Published online Oct 15, 2021. doi: 10.4239/wjd.v12.i10.1704
Peer-review started: February 25, 2021
First decision: June 23, 2021
Revised: July 28, 2021
Accepted: August 30, 2021
Article in press: August 30, 2021
Published online: October 15, 2021
Processing time: 230 Days and 5.6 Hours
Metabolic syndrome is a pre-diabetic state characterized by several biochemical and physiological alterations, including insulin resistance, visceral fat accumulation, and dyslipidemias, which increase the risk for developing cardiovascular disease. Metabolic syndrome is associated with augmented sympathetic tone, which could account for the etiology of pre-diabetic cardiomyopathy. This review summarizes the current knowledge of the pathophysiological consequences of enhanced and sustained β-adrenergic response in pre-diabetes, focusing on cardiac dysfunction reported in diet-induced experimental models of pre-diabetic cardiomyopathy. The research reviewed indicates that both protein kinase A and Ca2+/calmodulin-dependent protein kinase II play important roles in functional responses mediated by β1-adrenoceptors; therefore, alterations in the expression or function of these kinases can be deleterious.
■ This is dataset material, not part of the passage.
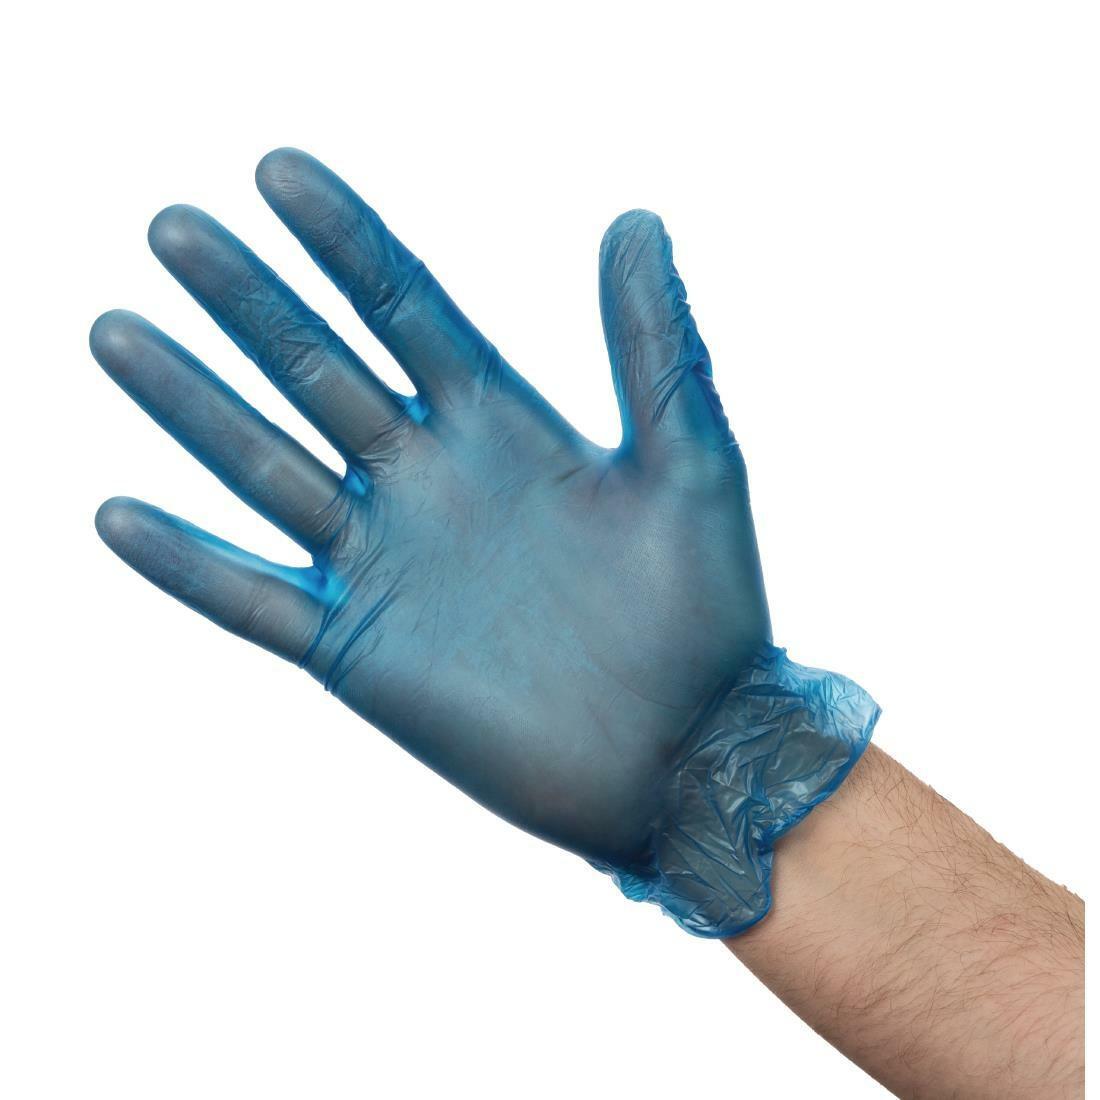 Matfer 262290 Sugar Work Gloves Medium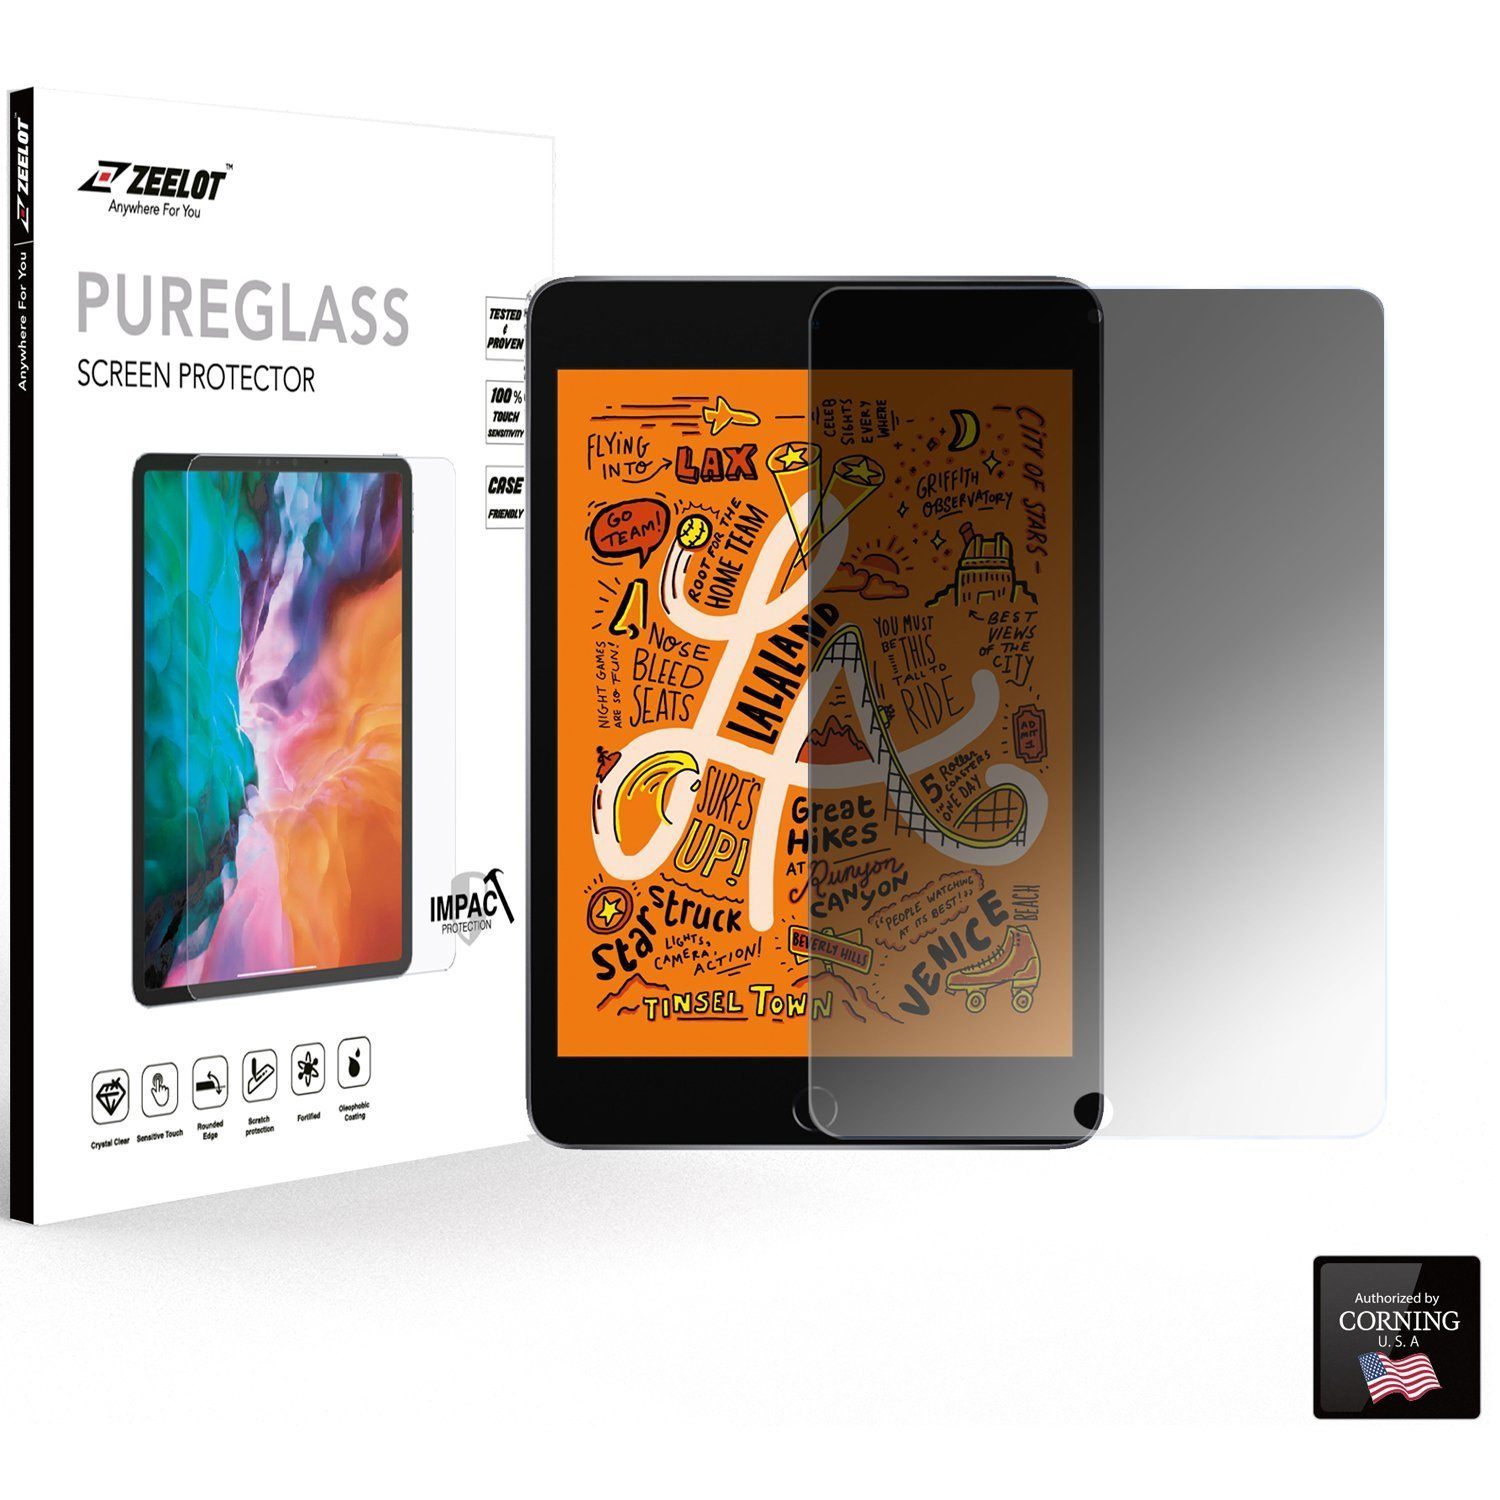 ZEELOT PureGlass 2.5D Tempered Glass Screen Protector for iPad Mini 5/4 7.9" (2019-2015), Privacy Default ZEELOT

This review also outlines recent information on the role of protein kinase A and Ca2+/calmodulin-dependent protein kinase II in abnormal Ca2+ handling by cardiomyocytes from diet-induced models of pre-diabetic cardiomyopathy.
Core Tip: Metabolic syndrome affects heart function leading to pre-diabetic cardiomyopathy. In an attempt to overcome contractility dysfunction, the activity of the sympathetic nervous system increases, but chronic stimulation of β-adrenoceptors leads to alterations in both protein kinase A and Ca2+/calmodulin-dependent protein kinase II activity, the main effectors of the β-adrenergic response. This work recapitulates current evidence about the participation of protein kinase A and Ca2+/calmodulin-dependent protein kinase II in experimental pre-diabetic cardiomyopathy, emphasizing the prevailing role of CaMKII in the development of cardiomyocyte Ca2+ mishandling and myocardial dysfunction associated with pre-diabetes.